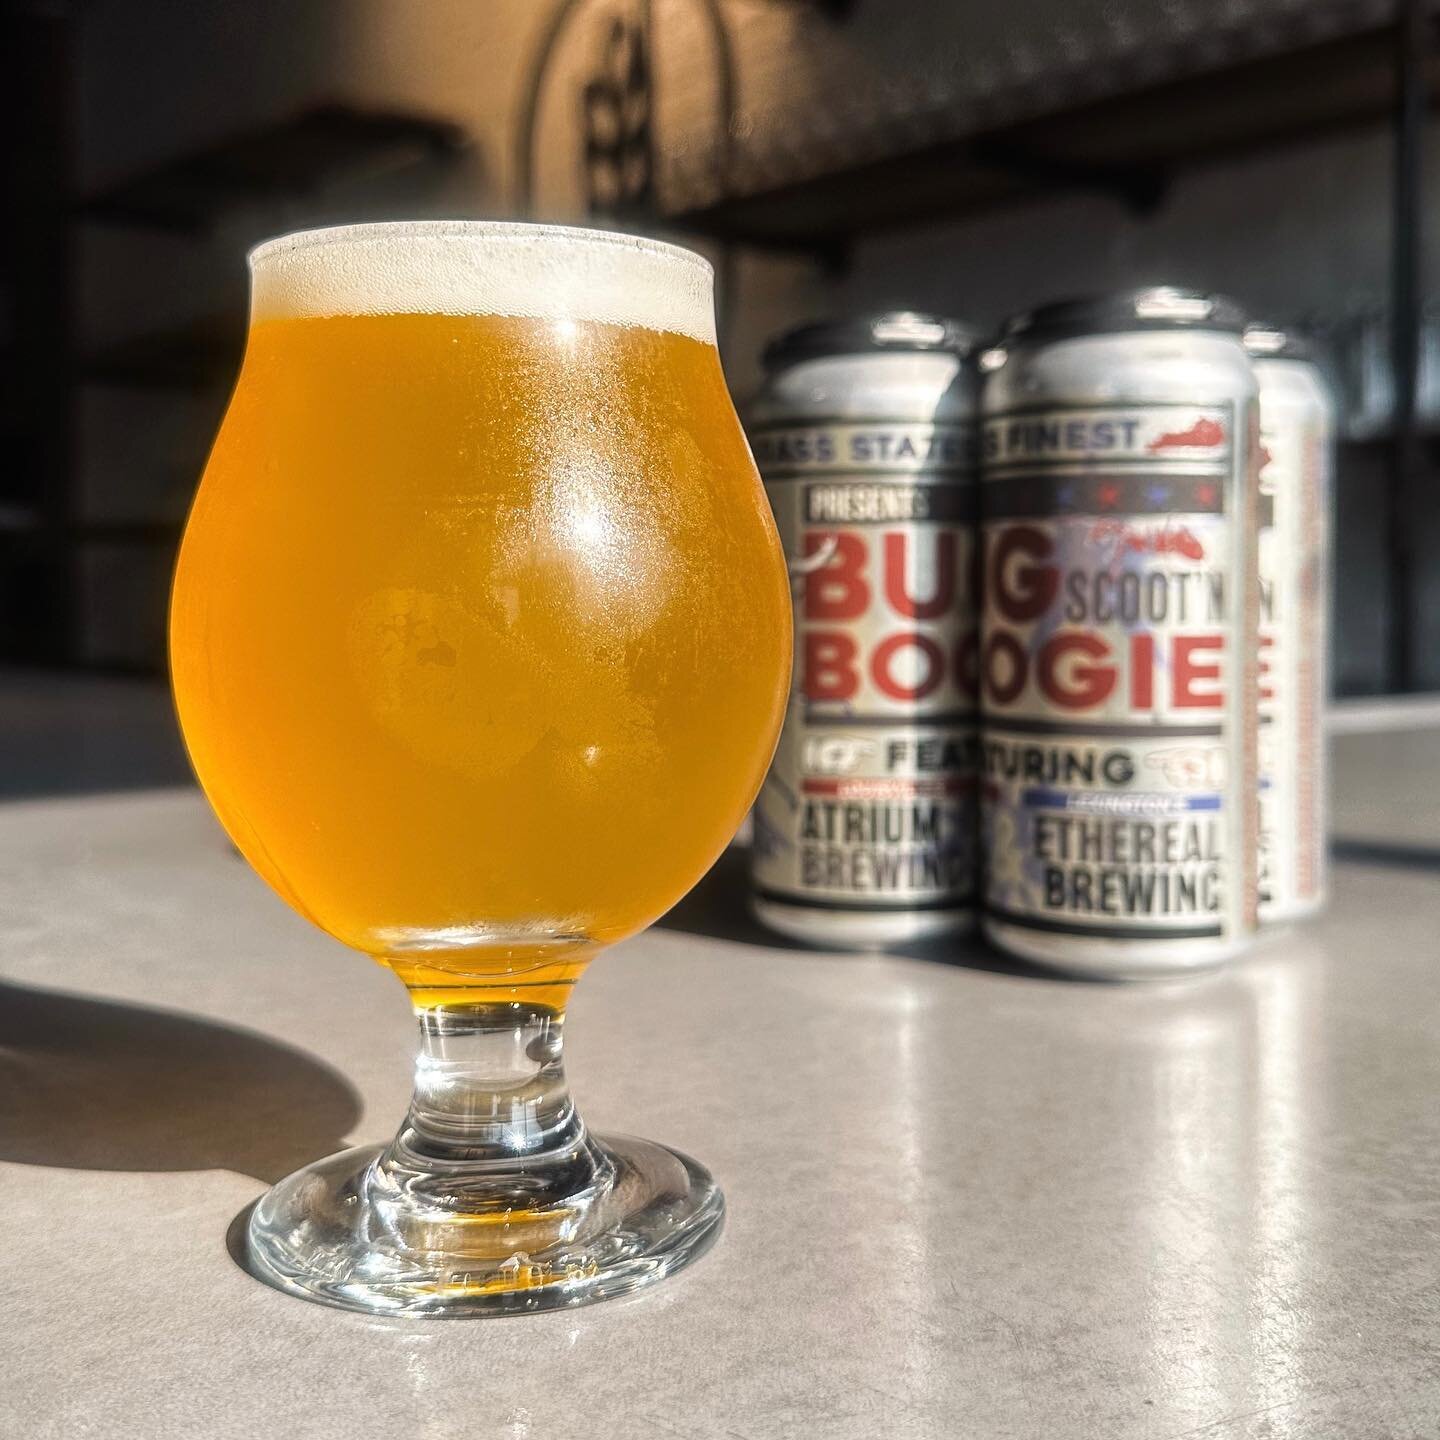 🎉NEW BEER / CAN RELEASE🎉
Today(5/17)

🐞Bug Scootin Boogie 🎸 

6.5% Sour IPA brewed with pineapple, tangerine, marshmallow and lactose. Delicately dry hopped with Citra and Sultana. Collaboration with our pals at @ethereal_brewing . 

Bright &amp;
——
> _WORK TASK_:
Reproduce the material word for word, pictures excluded.

> _ANSWER AREA_:
 🎉NEW BEER / CAN RELEASE🎉
Today(5/17)

🐞Bug Scootin Boogie 🎸 

6.5% Sour IPA brewed with pineapple, tangerine, marshmallow and lactose. Delicately dry hopped with Citra and Sultana. Collaboration with our pals at @ethereal_brewing . 

Bright &amp;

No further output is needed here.